In some countries there are requirements for sharing data by research funding organisations, i.e. the data producers are obliged to make their data available. They usually do so in cooperation with data archives. The data acquisition is thus initiated by producers and archives are “passive” ingestors of data.

In other countries, where data producers are not obliged to share their data, archives must actively search for potential depositors and convince them to store their data in the repository. Archives usually contact potential depositors and inform them about the benefits of depositing data in the archive (see the section Why is archiving important?). Then the submission agreement that specifies requirements regarding storage and access to data is negotiated, and the data are ingested by the archive. In case of regular depositors (research institutions, universities) the process of acquisition can be formalised by long-term agreements which set the principles of collaboration.
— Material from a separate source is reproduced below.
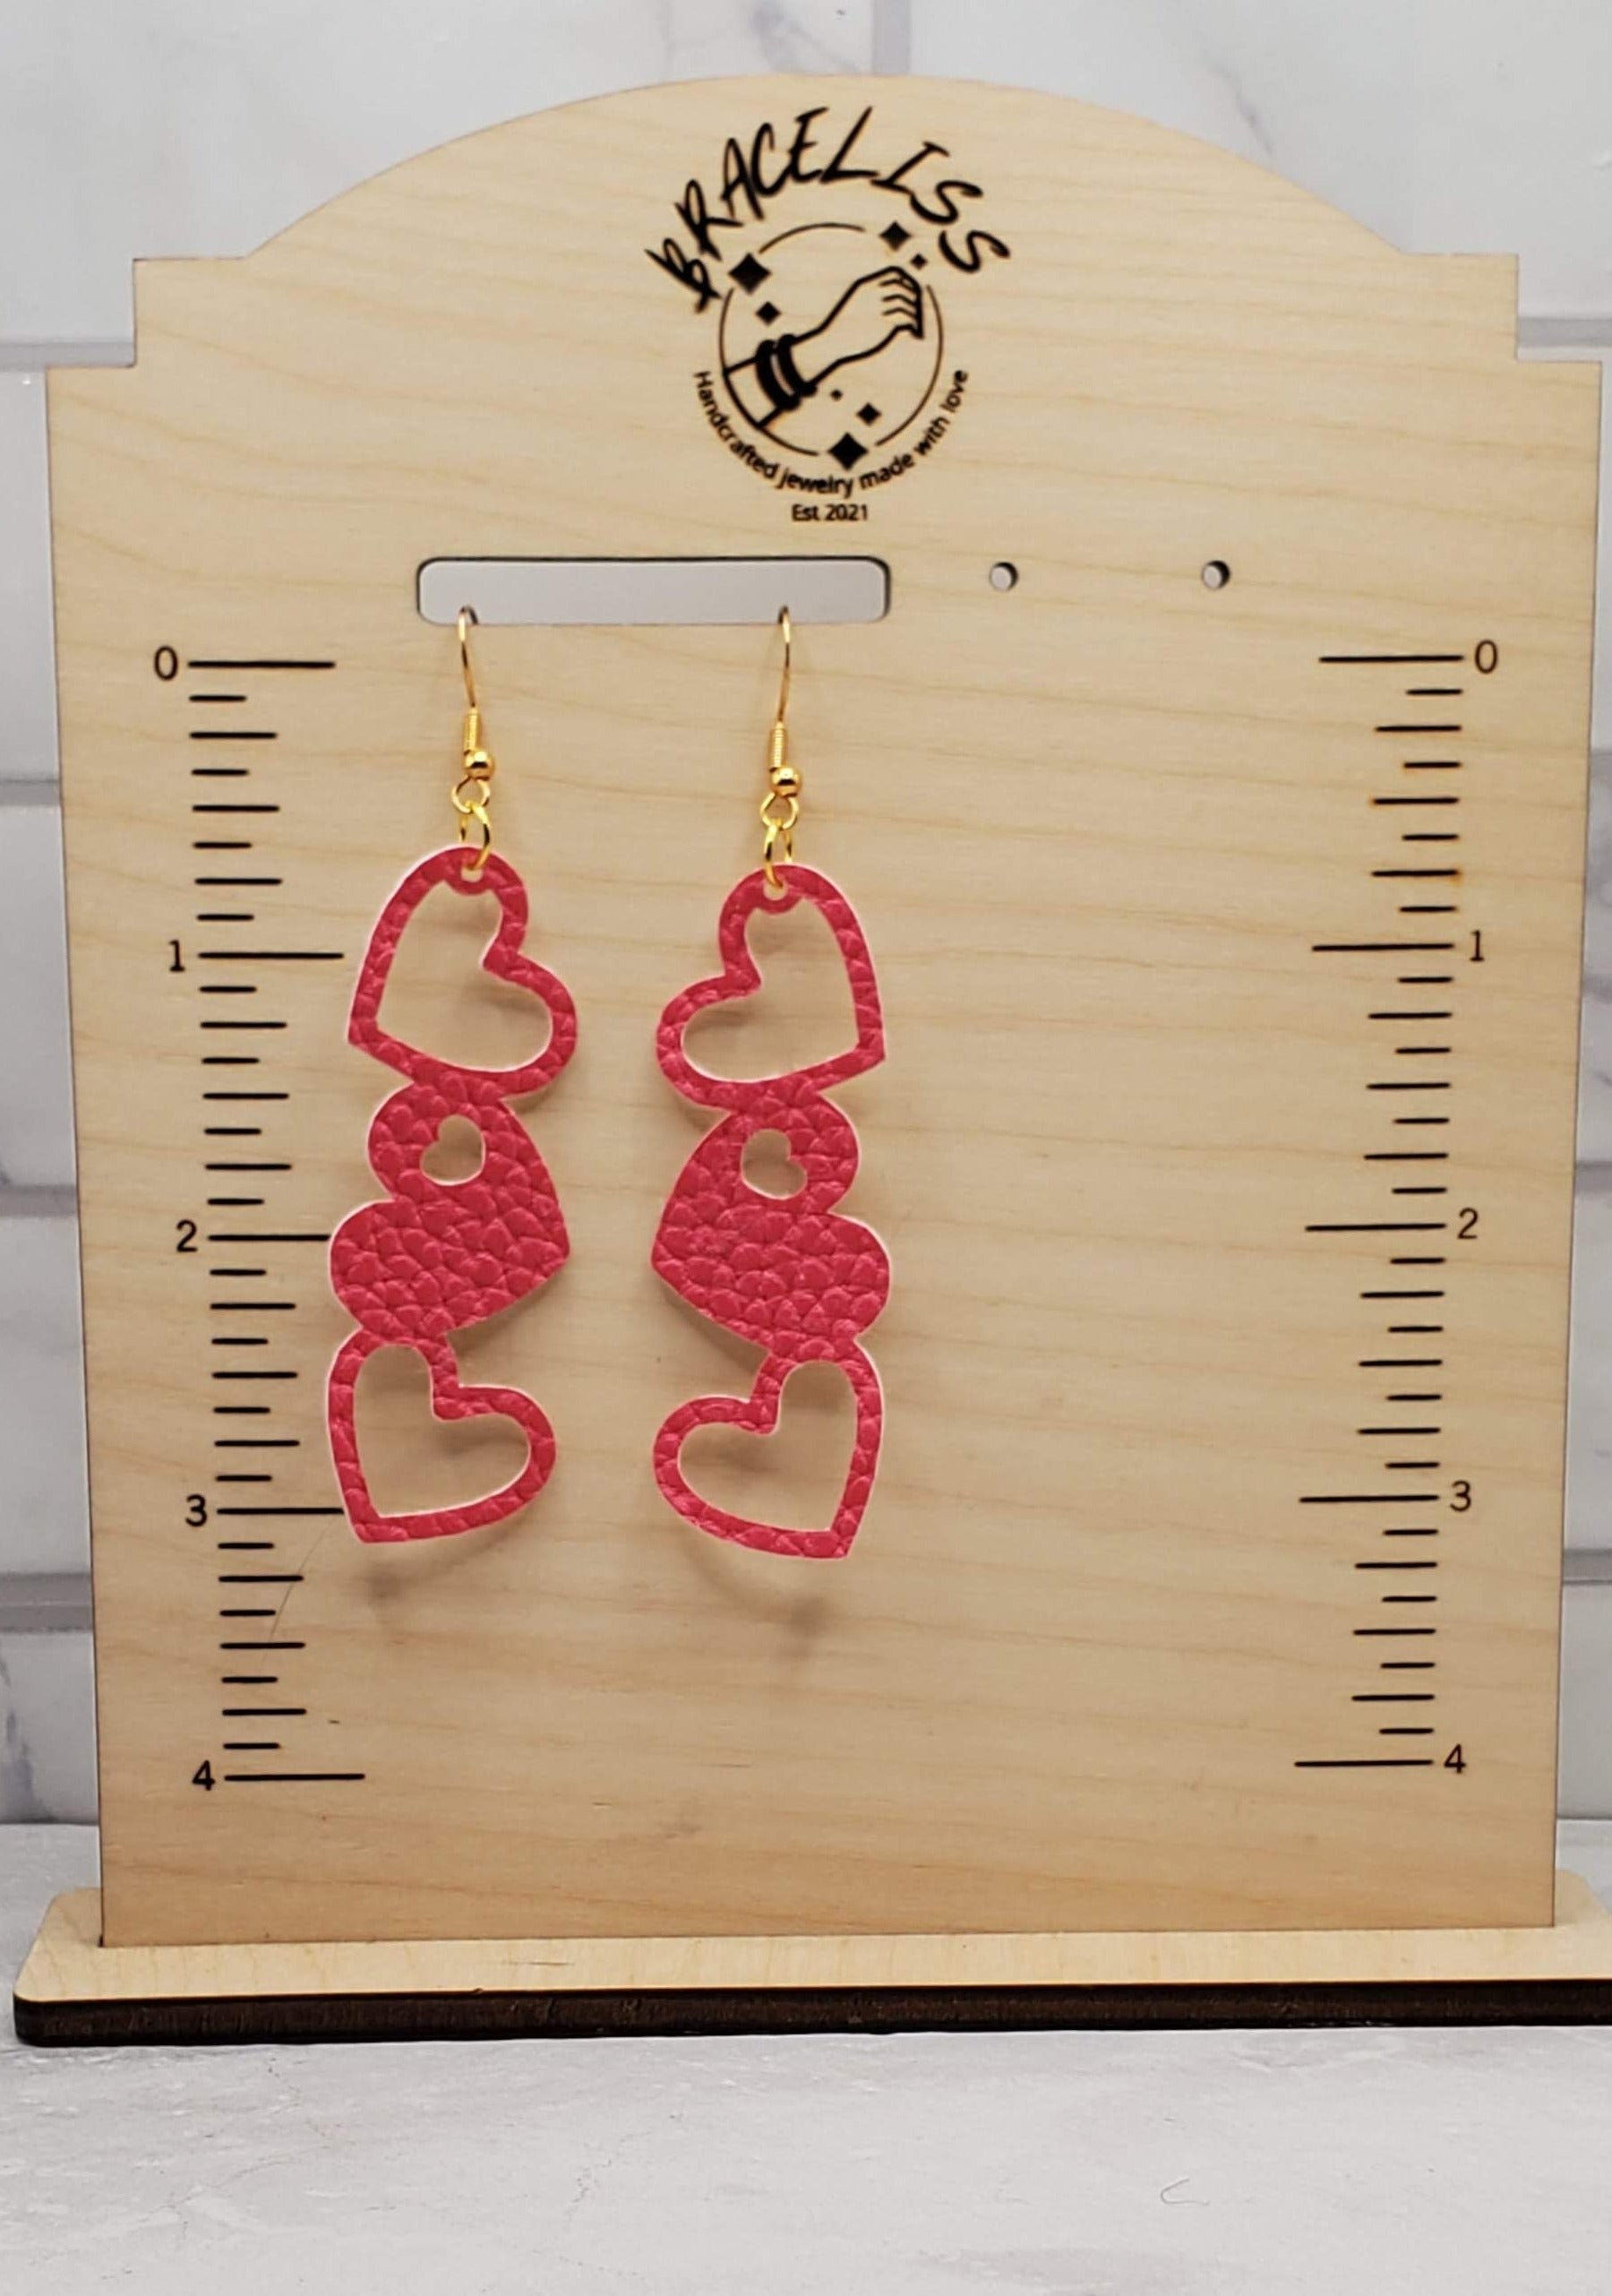 Hollow heart trio | dark pink faux leather drop earrings on measuring display | Braceliss

In all countries, no matter whether the archive initiates the acquisition or not, what follows is a similar process of data ingestion (you can find more information on the pre-ingest process in Chapter 3 and on ingest and curation in Chapter 4). When the data are obtained from the depositor, datasets and documentation (metadata) are inspected by the archive. If the data do not satisfy the archive’s requirements regarding the data quality, depending on archive policies (like a data collection policy), the data could be rejected, corrected or resubmitted following feedback. All the important steps of acquisition should be evaluated and recorded into the archive’s internal records.
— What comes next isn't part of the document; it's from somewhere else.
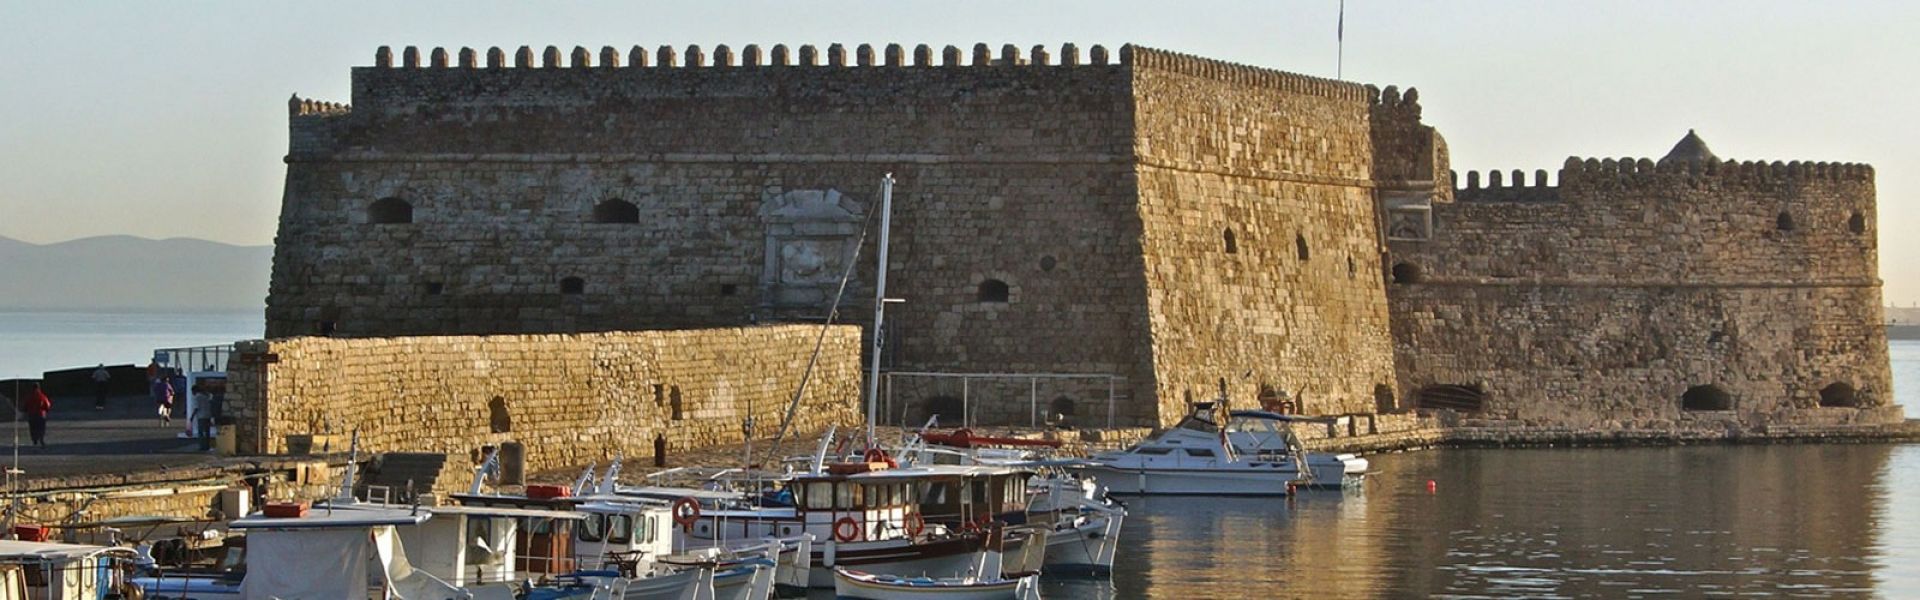 Venetian Fortress - Heraklion city

Archives can set up tools which support self-archiving by researchers. Self-archiving in principle is a process when researchers archive data using online tools for the data to be available for other researchers. For these “self-archiving services” the levels of curation and checking activities on the part of the archive can differ significantly, but simply said, the depositor has the active role here. As examples: ReShare in UK Data Service (n.d. [Accessed July 31, 2022d]) or SowiDataNet|datorium (GESIS n.d.) hosted by GESIS. Both offer their expertise, archiving tools, procedures and curation services to researchers. See also the section What are the main tools used by archives?

 

Find out more about your archive

Here are some questions that you can ask yourself to learn more about your own archive:

  • What requirements or mandates does your country have regarding data sharing and archiving?
  • Does your archive have a formal acquisition policy?
  • Does your archive have restrictions regarding the data producers allowed to deposit data (e.g. only institutions are allowed to deposit data, not individual researchers)?
  • Which of your colleagues is responsible for administration of acquisitions? How do they do this?
  • Does your archive have a self-deposit tool?

 

Expert tips

Usually a huge amount of data is not only in “core social sciences” (sociology, psychology) but in related research areas (e.g. health sciences, education research) as well, so it can be fruitful to include them into acquisition policy.

It is useful to have different acquisition strategies for new depositors versus regular depositors as e.g. in UK Data Service (n.d. [Accessed July 31, 2022c]).